El Espíritu de Mukainada: especial Mazda

RevistaCAR 28 de febrero, 2020 | Tiempo de lectura 8 min

El pasado 30 de enero Mazda cumplió un siglo y se convirtió en “shinise”, un término japonés que se reserva a las compañías con una historia excepcionalmente dilatada y una rica tradición. Buena parte de su éxito se debe al “Espíritu de Mukainada”, la voluntad de hacer las cosas de forma diferente, no rendirse nunca y buscar lo excepcional.

Desde su fundación, Mazda ha vivido importantes tragedias que han marcado su trayectoria, pero en CAR nos gusta ver el vaso medio lleno y nos centraremos sobre todo en sus éxitos y triunfos. No obstante, en palabras del actual presidente y CEO de Mazda Motor Europe, Yasuhiro Aoyama: “Nuestra peculiar actitud ante las situaciones potencialmente desalentadoras es, en gran parte, lo que nos ha traído hasta donde estamos”.

Y es que 100 años dan para mucho. Durante este tiempo Mazda ha pasado de ser un productor de corcho artificial a convertirse en un fabricante de automóviles independiente que goza de muy buena salud y un merecido reconocimiento entre la competencia. Embajadores del motor rotativo como ninguna otra marca, también han desarrollado todo un abanico de tecnologías revolucionarias propias. La última de ellas es el motor Skyactiv-X del que ya os llevamos hablando desde hace un tiempo. Por no mencionar ese lenguaje de diseño único que enlaza la tradición japonesa con el estilo contemporáneo, el más puro espíritu de Mukainada, pero, vayamos por partes…

Desde los años veinte del pasado siglo, la historia de Mazda está íntimamente ligada a la de Hiroshima. Cuando cayó la bomba atómica sobre la ciudad, en cuestión de segundos, se convirtió en un montón de escombros. La fábrica de Mazda estaba situada, como hoy, en Mukainada, a pocos kilómetros del lugar donde explotó la bomba, pero la protegía el monte Hijiyama. Por este motivo los daños materiales fueron escasos.

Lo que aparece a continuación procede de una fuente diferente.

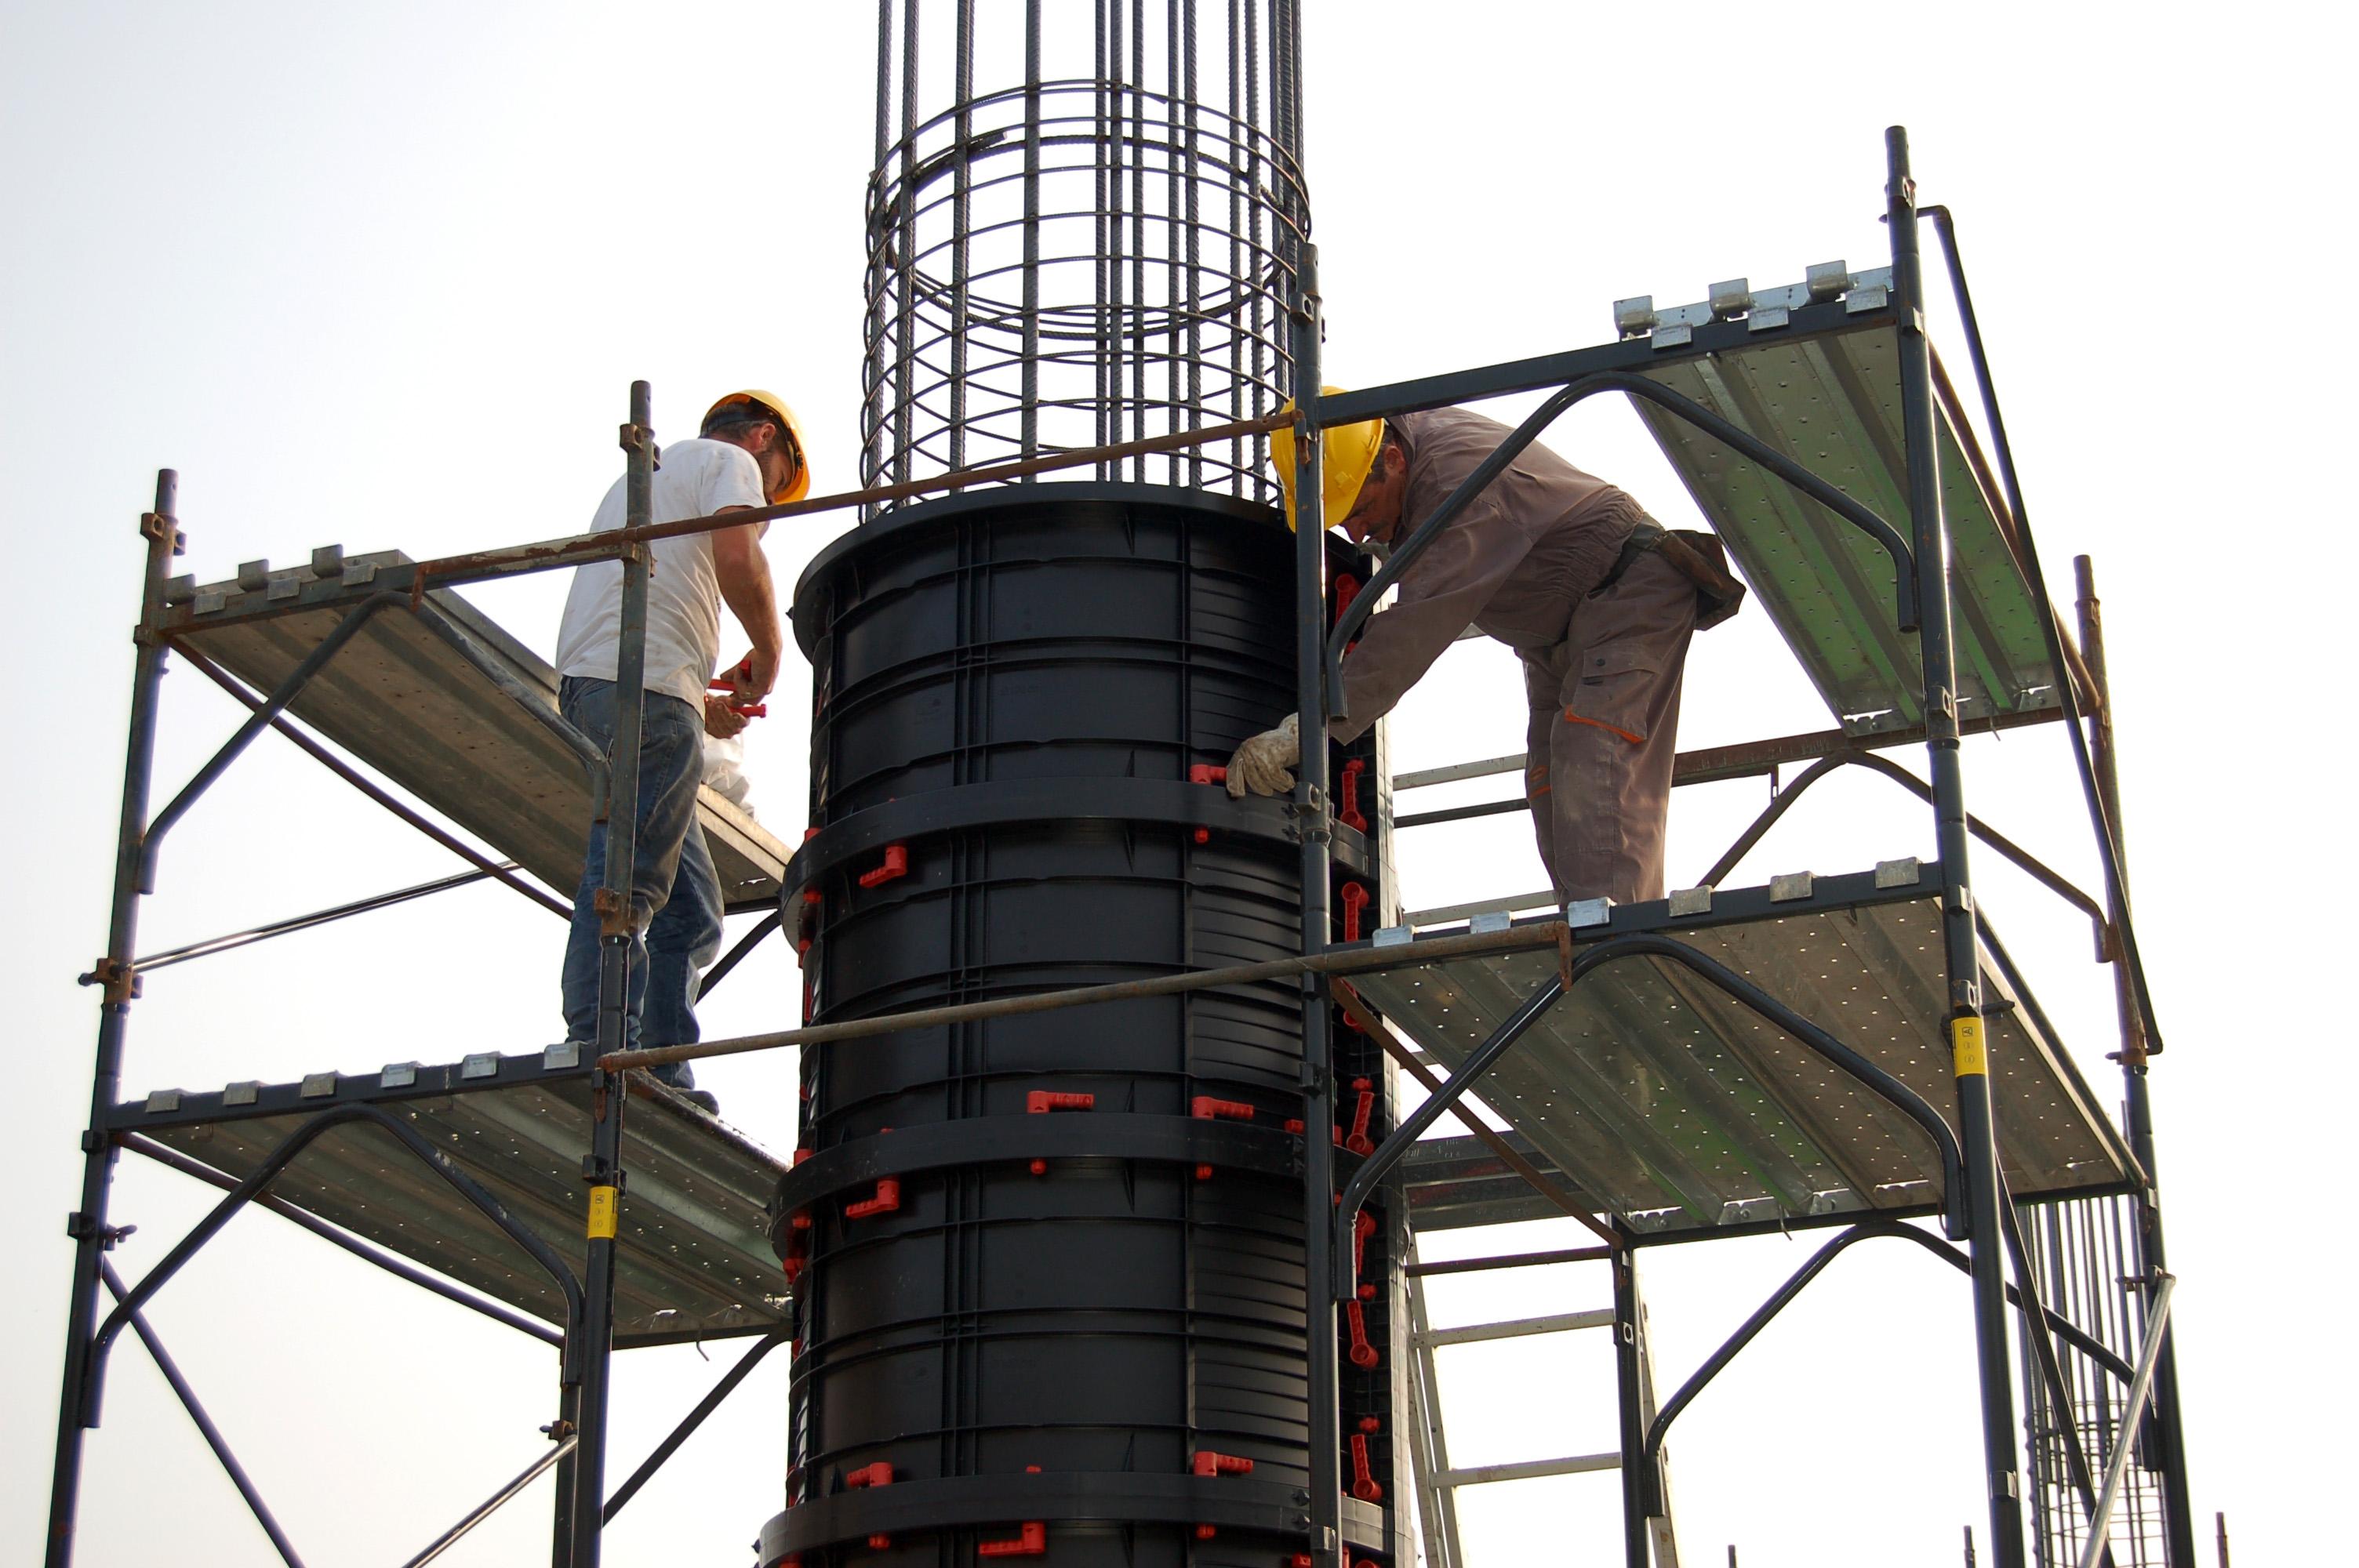 Cofraje refolosibile pentru coloane cilindrice GEOPLAST - Poza 2
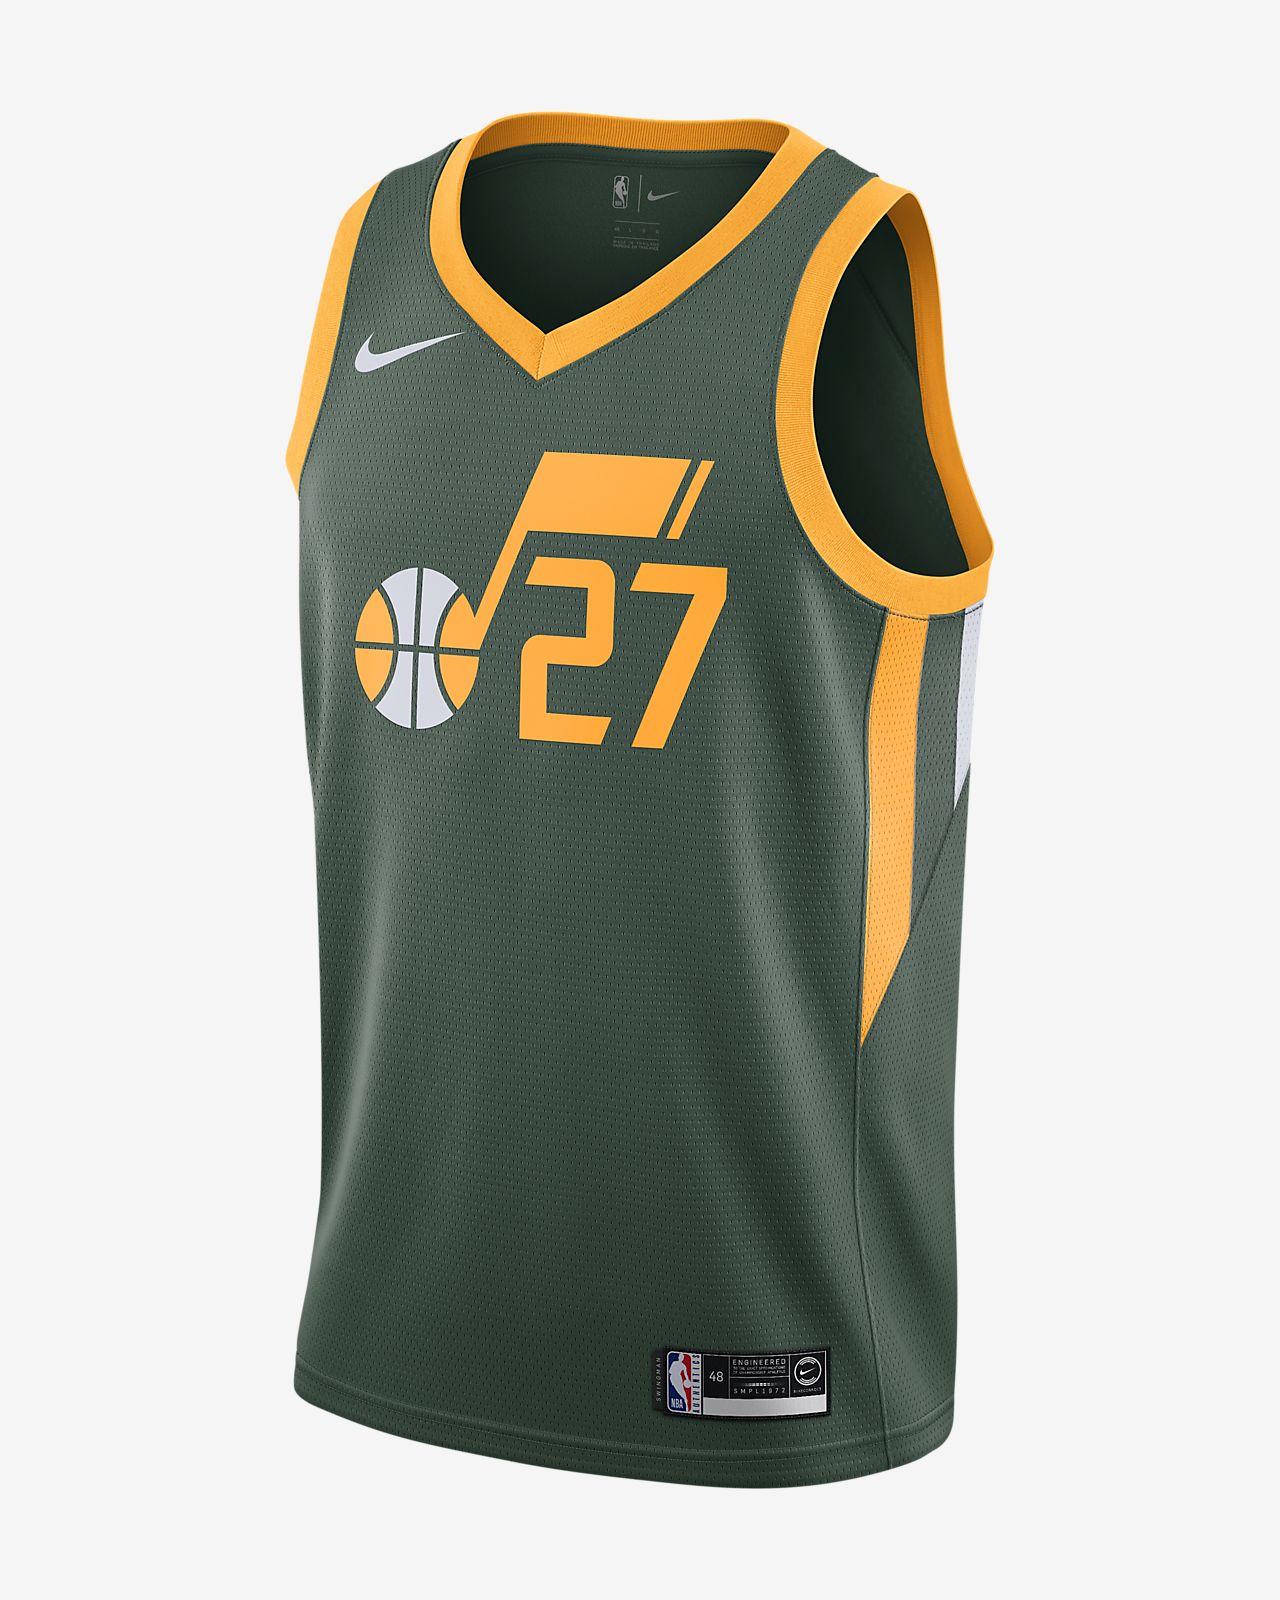 Męska koszulka Nike NBA Connected Jersey Rudy Gobert Earned Statement Edition Swingman (Utah Jazz)

La ciudad entera era un cementerio nuclear, y las instalaciones Mazda se convirtieron en hospital de campaña, dieron cobijo a muchas personas que no tenían adónde ir y, ante la devastación de la mayoría de las infraestructuras y edificios administrativos, también acogieron a diversos departamentos del Ayuntamiento de Hiroshima. Aquí surgió el verdadero Espíritu de Mukainada. En poco tiempo, tribunales, emisoras de radio y redacciones de prensa se les unieron. Así pues, la fábrica de Mazda se convirtió durante la posguerra en el auténtico centro de Hiroshima, como sede de las principales instituciones municipales.

Espíritu de Mukainada

Resurgir de las cenizas: como surgió el Espíritu de Mukainada

La historia de Mazda es mucho más que el relato épico del éxito de una empresa. Para el pueblo de Hiroshima, el renacer de Mazda está ligado al resurgimiento de la propia ciudad. En los días que siguieron a la guerra, Mazda se vio obligada a reducir plantilla y los empleados pasaron de 9.669 a tan solo 786. Volvió al desarrollo de los camiones de tres ruedas que fabricaba en los años treinta y, para los sesenta, lanzó su primer turismo de cuatro ruedas, el Mazda R360 Coupé.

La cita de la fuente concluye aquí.